ΔSº = ΣSº(products) - ΣSº(reactants)
-232.7 J/(mol∙K) = Sº(C2H6) - (Sº(C2H2) + 2 x Sº(H2) )
Plug in the given values:
-232.7 J/(mol∙K) = Sº(C2H6) - (200.9 J/(mol∙K) + 2 x 130.7 J/(mol∙K) )
Solve for Sº(C2H6):
Sº(C2H6) = -232.7 J/(mol∙K) + 200.9 J/(mol∙K) + 2 x 130.7 J/(mol∙K)
Sº(C2H6) ≈ 302.2 J/(mol∙K)
Therefore, the standard molar entropy of C2H6 gas is approximately 302.2 J/(mol∙K).
To calculate the value of the standard free-energy change, ΔGº, for the reaction, you can use the equation:
ΔGº = ΔHº - TΔSº
Given:
ΔHº = ∆Hºf(C2H6) - ∆Hºf(C2H2) - 2 x ∆Hºf(H2) = -84.7 kJ/mol - 226.7 kJ/mol - 2 x 0 kJ/mol = -337.4 kJ/mol (note that the ΔHºf values are provided)
ΔSº = -232.7 J/(mol∙K) (given)
T = temperature = 298 K
Plug the values into the equation:
ΔGº = (-337.4 kJ/mol) - (298 K x (-232.7 J/(mol∙K)) ) *Note: convert -232.7 J/(mol·K) to kJ/(mol·K)
ΔGº = -337.4 kJ/mol - (298 K x (-0.2327 kJ/(mol∙K)) )
ΔGº ≈ -266.1 kJ/mol
The sign of ΔGº indicates the spontaneity of the reaction.
If ΔGº < 0, the reaction is spontaneous in the forward direction.
If ΔGº > 0, the reaction is non-spontaneous in the forward direction.
If ΔGº = 0, the reaction is at equilibrium.
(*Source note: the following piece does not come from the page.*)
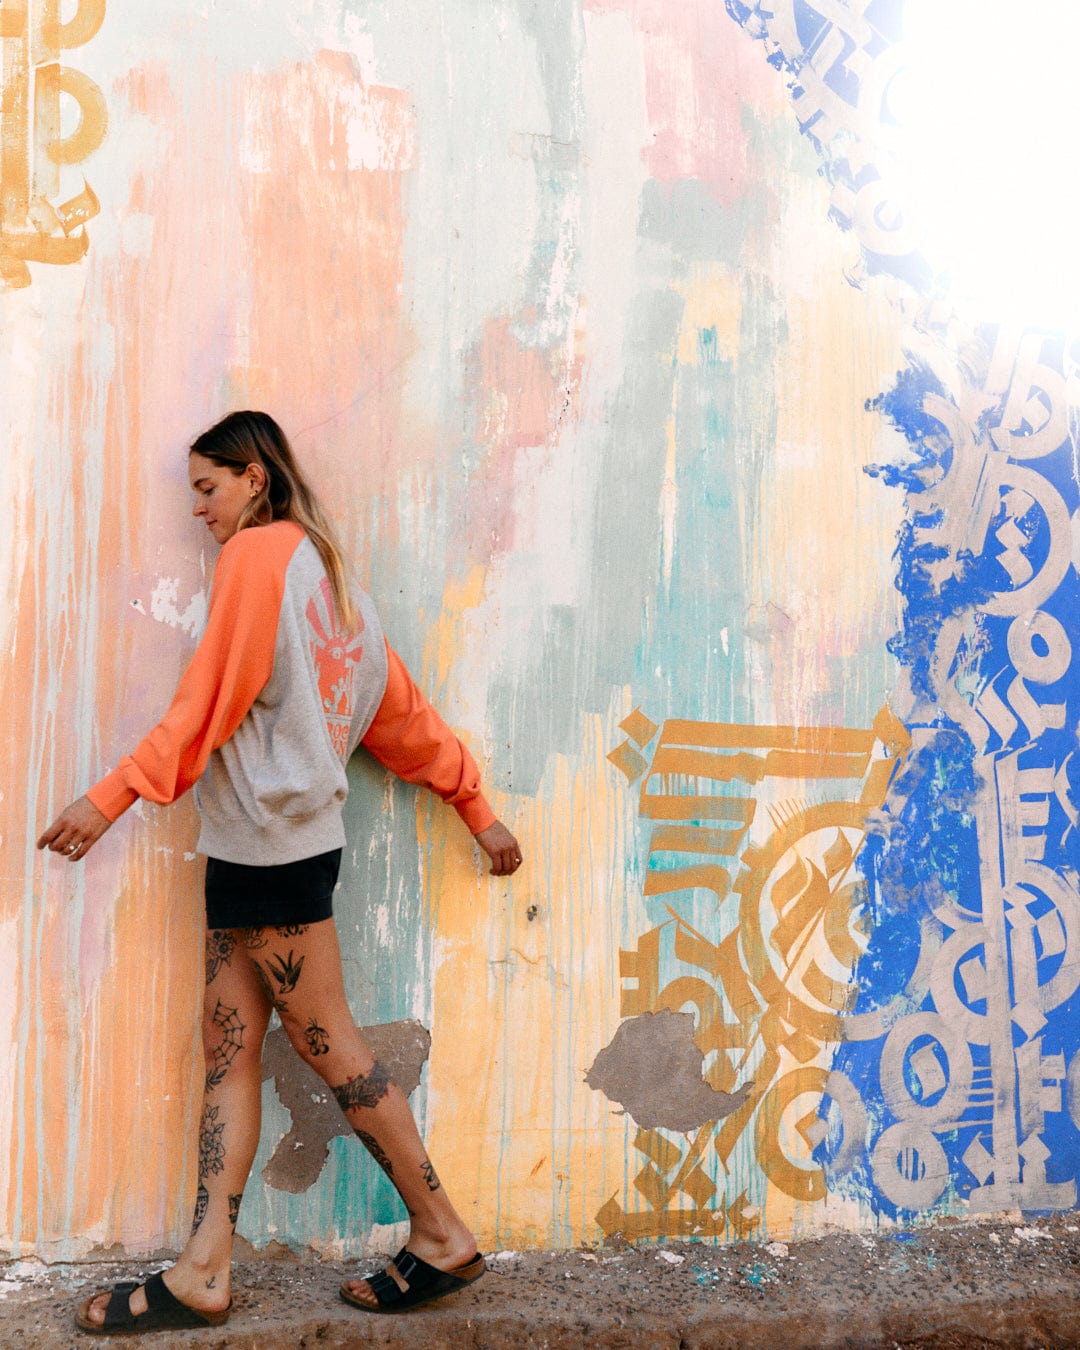 A woman walks past a colorful graffiti wall, wearing an orange Saltrock Sunshine - Womens Raglan Sweat - Grey Marl sweatshirt and black shorts, viewed in profile.

The equilibrium constant (K) can be calculated using the equation:
ΔGº = -RT ln(K)
Given:
ΔGº = -266.1 kJ/mol (from the previous calculation)
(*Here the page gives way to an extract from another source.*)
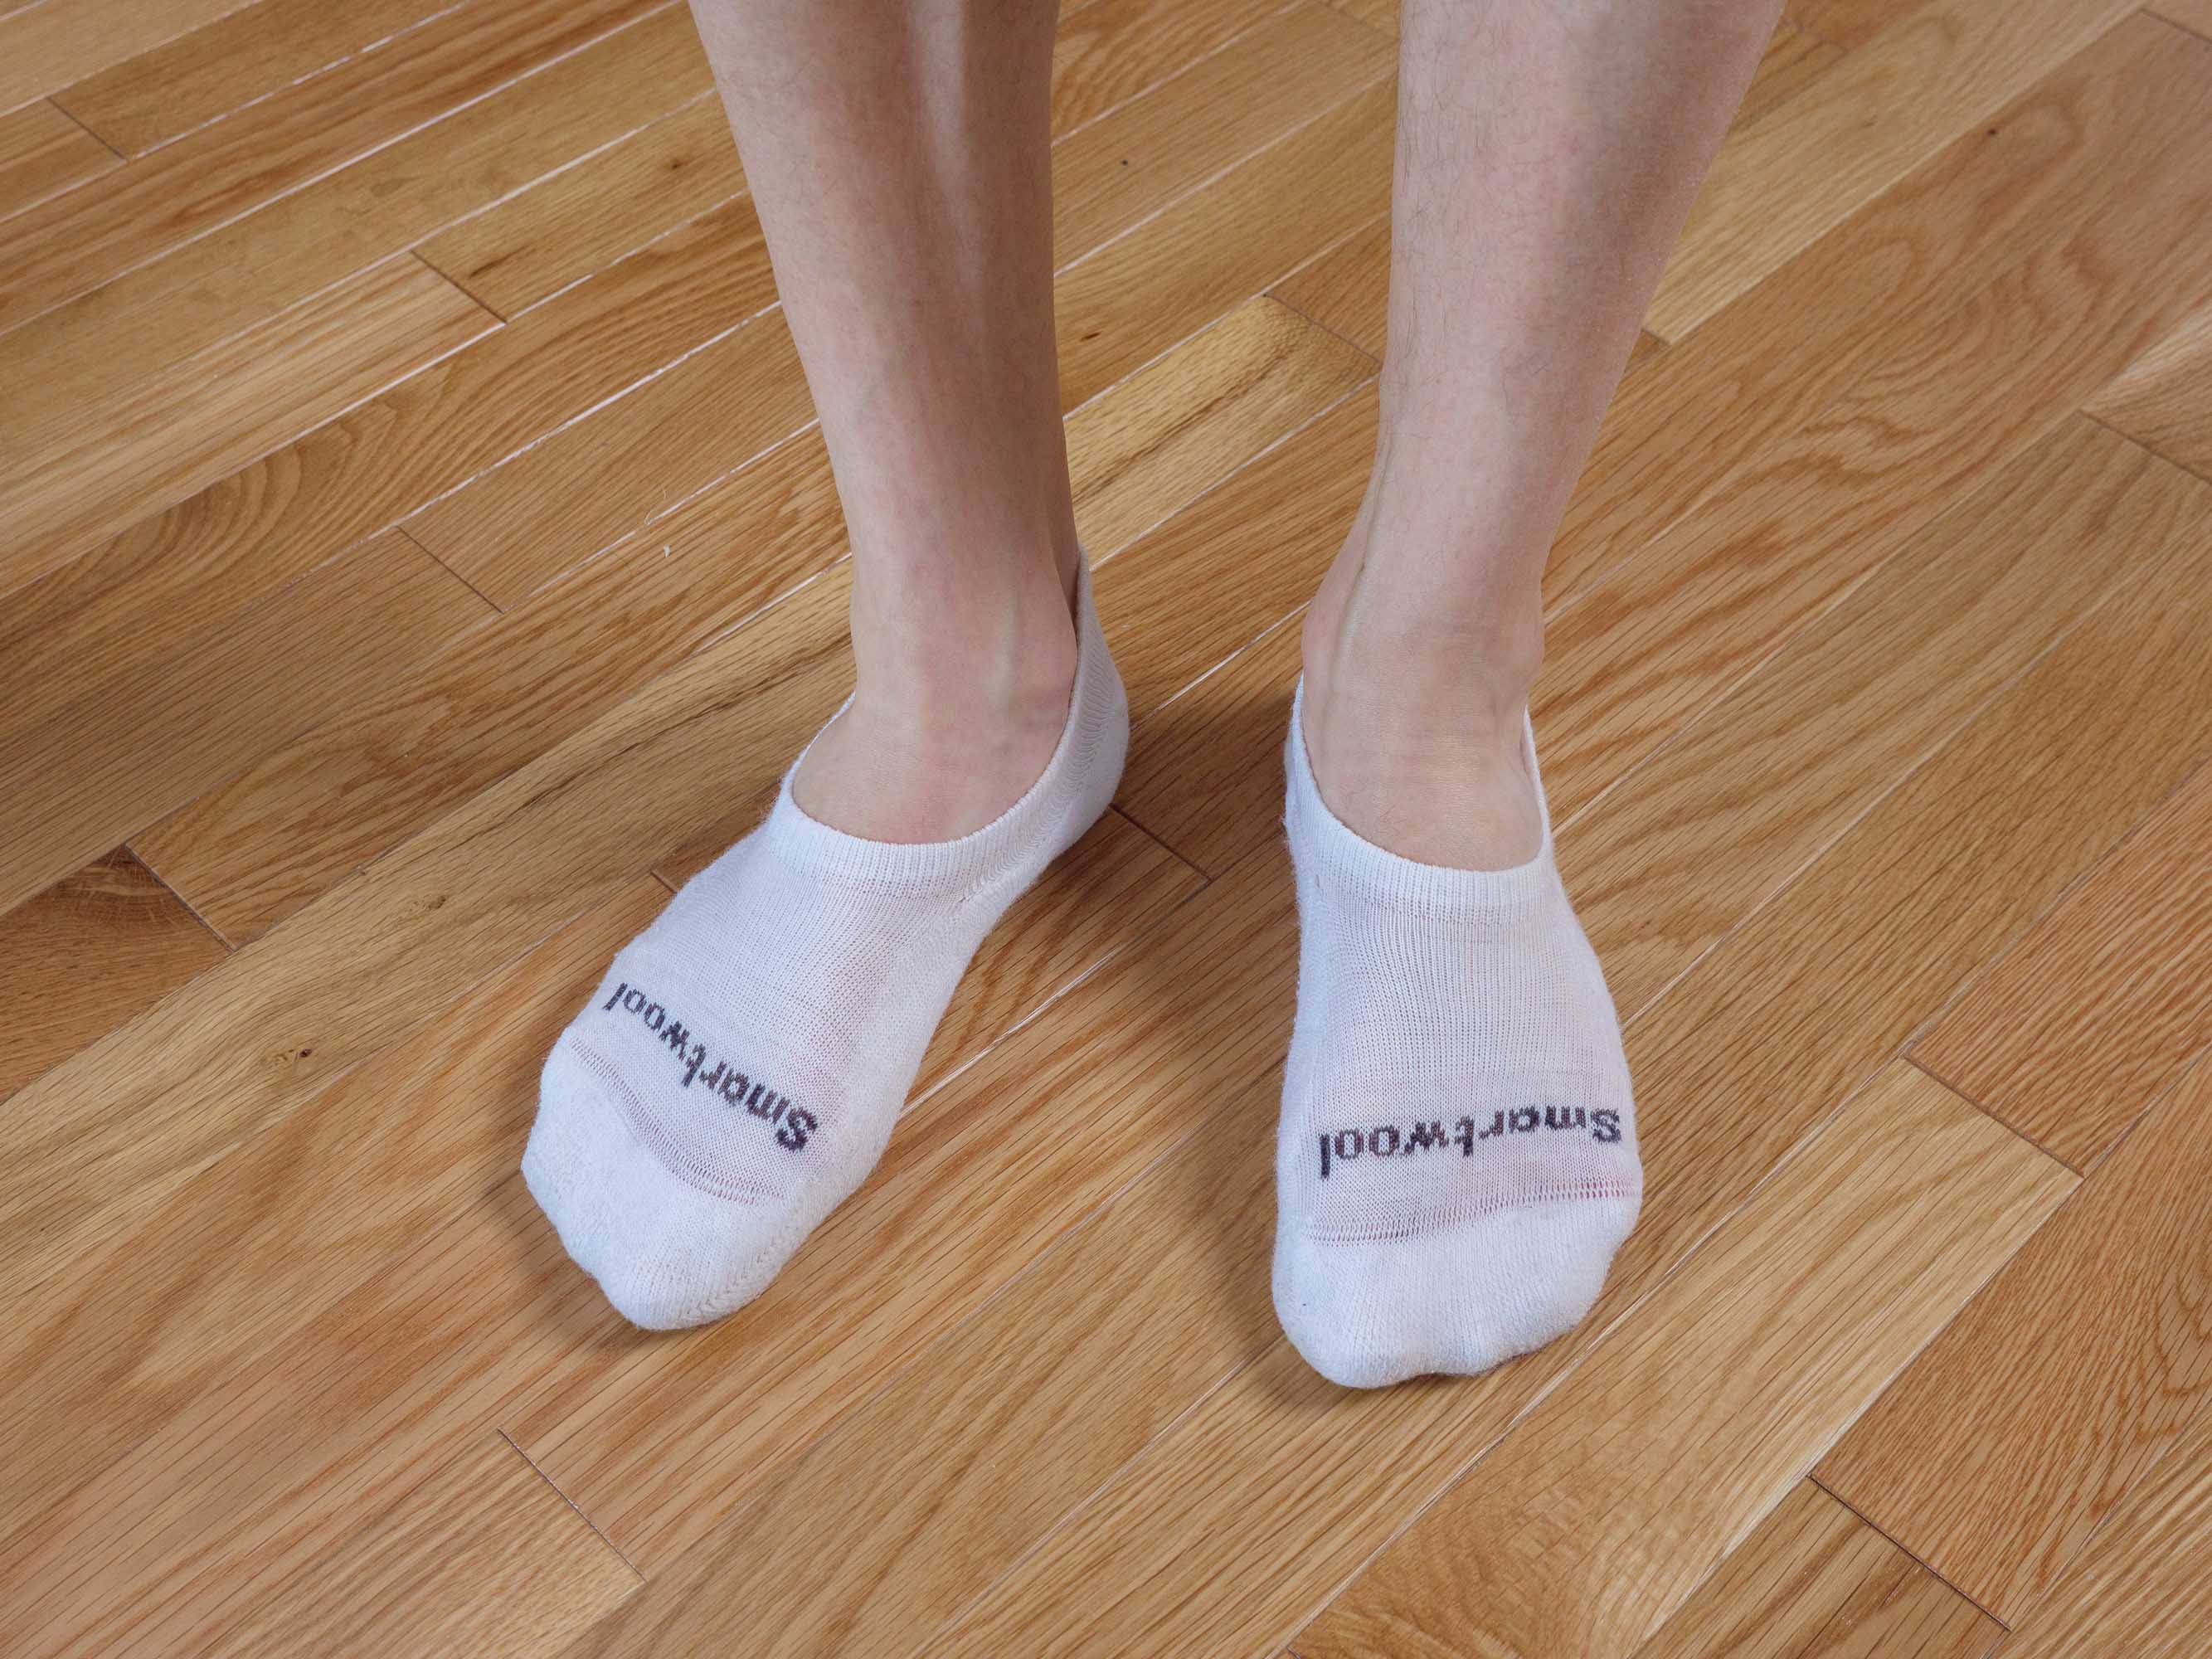 LOFIR Mens No Show Toe Socks Cotton Five Finger Running Socks Invisible Low Cut Liner Ankle Socks Non-Slip Sneaker Socks Casual Sports School Socks size 6-10 4/5 pairs

R = gas constant = 8.314 J/(mol∙K) (conversion factor needed)
T = 298 K
Convert ΔGº from kJ to J:
ΔGº = -266100 J/mol
Plug the values into the equation:
-266100 J/mol = -8.314 J/(mol∙K) x 298 K x ln(K)
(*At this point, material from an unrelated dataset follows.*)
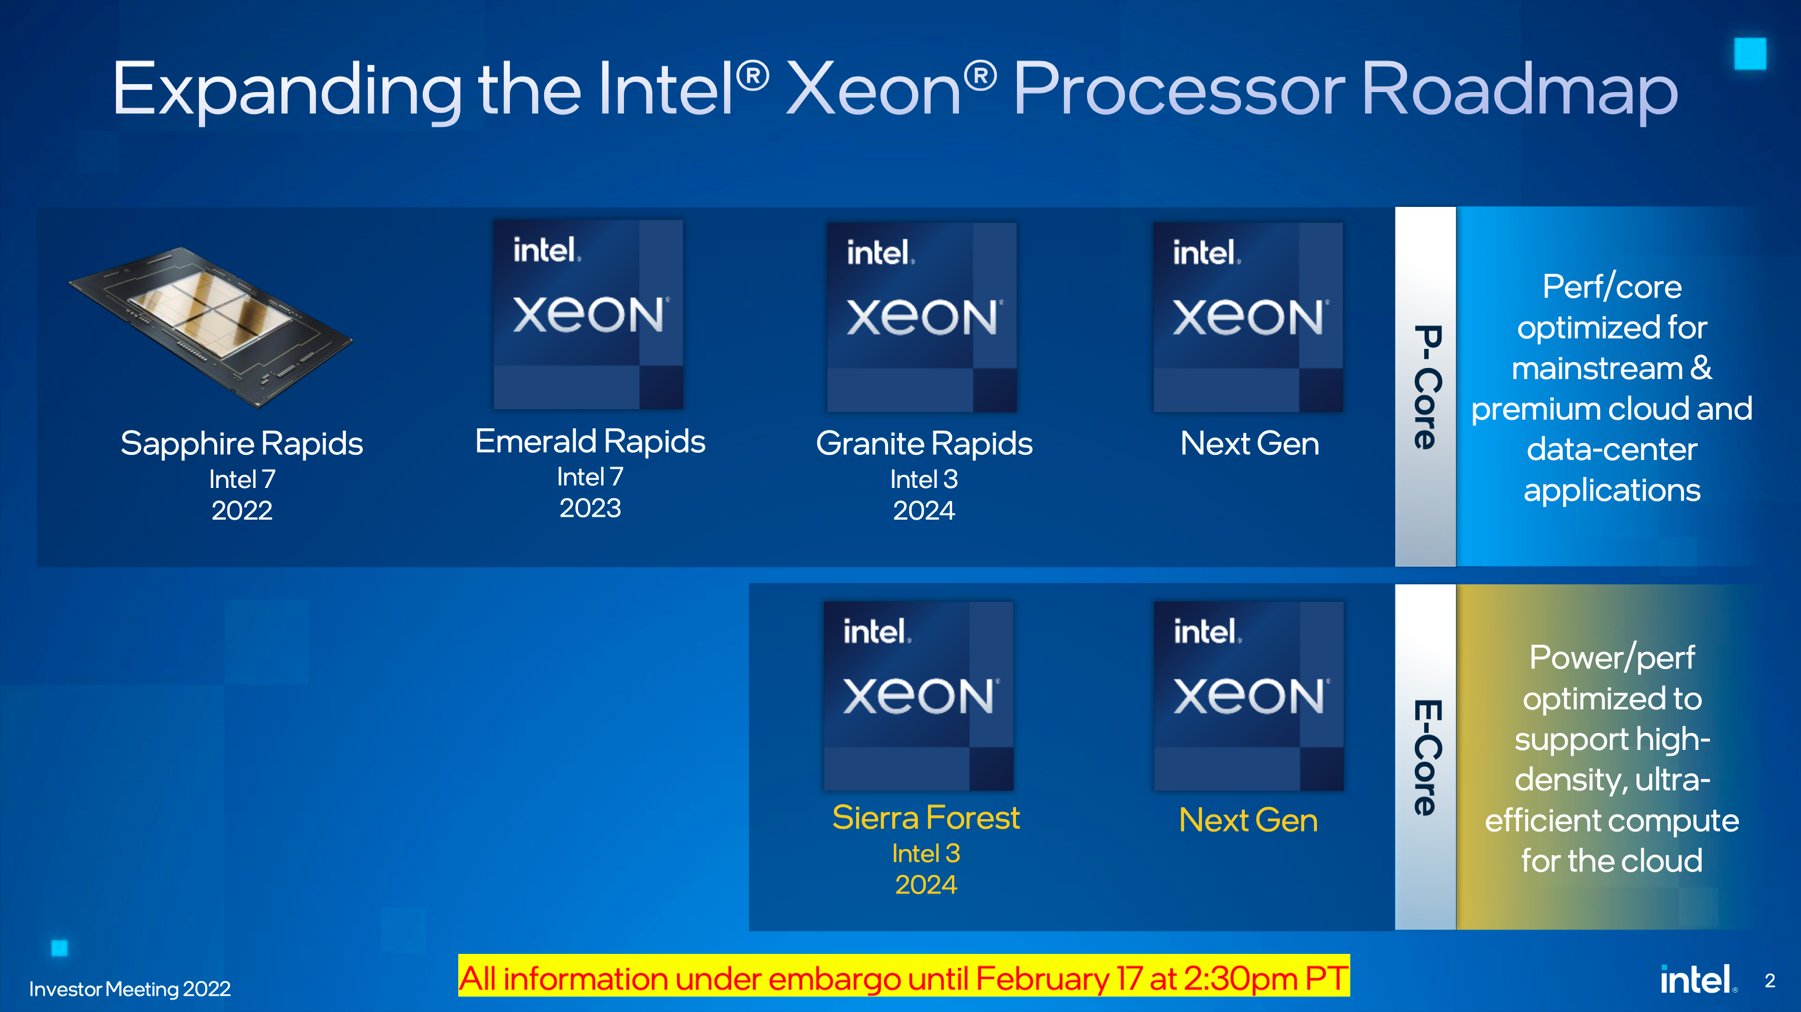 Intel's nextgen Xeon "Avenue City" reference platform detailed

Simplify and solve for ln(K):
ln(K) = -266100 J/mol / (-8.314 J/(mol∙K) x 298 K)
ln(K) ≈ 32.171
Finally, solve for K:
K = e^(ln(K))
K ≈ e^(32.171)
K ≈ 6.43469 x 10^13
Therefore, the value of the equilibrium constant for the reaction at 298 K is approximately 6.43469 x 10^13.
To calculate the value of the C-C (triple bond) bond energy in C2H2 in kJ/mol, you need to calculate the sum of the bond energies broken and formed during the reaction using the bond energy values given.
The reaction is:
C2H2(g) + 2 H2(g) → C2H6(g)
In this reaction, two C-H bonds and one C-C (triple bond) are broken, and six C-H bonds are formed.
Bond energy to break 2 C-H bonds = 2 x 414 kJ/mol = 828 kJ/mol
Bond energy to break 1 C-C (triple bond) = 1 x 611 kJ/mol = 611 kJ/mol
Therefore, the total energy required to break the bonds in C2H2 is 828 kJ/mol + 611 kJ/mol = 1439 kJ/mol.
Hence, the value of the C-C (triple bond) bond energy in C2H2 is approximately 1439 kJ/mol.